The key features of this transaction were as follows:


  • A 10 surgery practice of the highest quality, the partners had built it and wished to retain the freehold as an investment
  • Mainly private income – the total turnover was £2,200,000 of which approximately only 10% was from the NHS
  • There were three working partners who between them generated 50% of the turnover
  • The NHS Orthodontic contract was in the name of an Associate
  • The partners all wished to remain post completion but on staggered exits
  • The partners were very clear in terms of what was and wasn’t right for the practice, and a smooth transition for patients and staff was key. As well as the financial terms, the choice of buyer was crucial so that the culture of the practice was protected

 

The process


  • As so much income was generated by the working partners, we remodeled the profit and loss accounts to reflect the cost of the partners remaining as Associates post completion.
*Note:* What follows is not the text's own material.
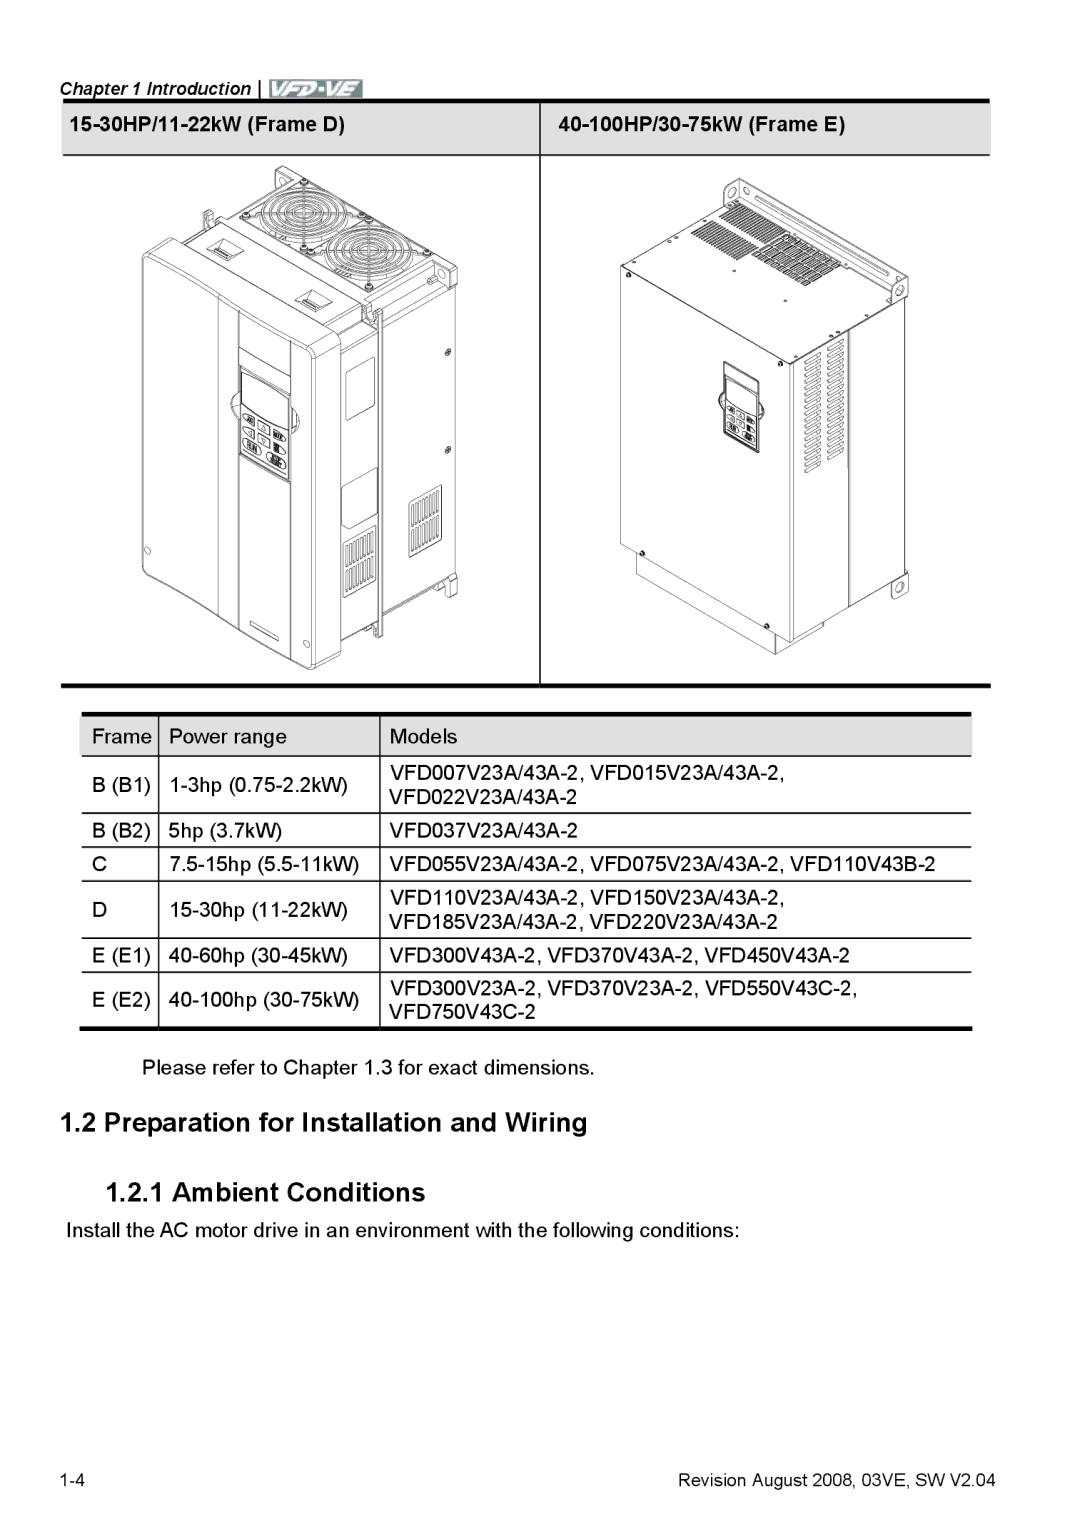 Delta Electronics VFD-VE Series manual Preparation for Installation and Wiring Ambient Conditions

This was essential to accurately show what the EBITDA (earnings before interest, tax, depreciation and amortisation) would be under an Associate-led model
  • ​We produced a detailed IM (Information Memorandum) which included sufficient information to enable a purchaser to submit an informed offer
  • We confidentially approached a shortlist of parties, all of whom met the owners and pitched to acquire the practice
  • A closing date for offers was set and after a period of negotiation, Heads of terms were agreed

 

The outcome


  • The sale was concluded no more than eight weeks from agreeing on the Heads of terms with the eventual buyer
  • The price was at least 10% higher than the offer that was tabled by the Corporate party who had originally approached the owners directly
  • The buyer was actually unknown to the owner-partners 
  • The owner-partners  achieved a full market rent and therefore maximised their future investment

 

Key points to note


  • Sometimes it suits practice owners to sell off-market, but in today’s modern market the only way to ensure that best price and terms are achieved is by undertaking a professional process and approaching a variety or parties
  • Established dental specialist solicitors were used which undoubtedly speeded up the process. An ‘all parties’ meeting was arranged at a critical point which enabled weeks’ worth of negotiations to be concluded in less than a day
  • An accurate appraisal of the practice was essential to give the purchasers what they needed to assess EBITDA and value. This underpinned the price agreed and ensured that the practice valued up independently
  • The property element was important to the vendors. The choice of buyer affected the yield and therefore the investment value of the retained property
  • Demand for quality practices is still strong and the multiple of EBITDA achieved was as high (if not higher) than it would have been had the practice been predominantly NHS


At Christie & Co we were able to make the most of our experience and in-depth sector knowledge and contacts to approach potential buyers without having to market the sale on the open market, as a result the final price paid, and the purchasers, were ideal for the outgoing owners.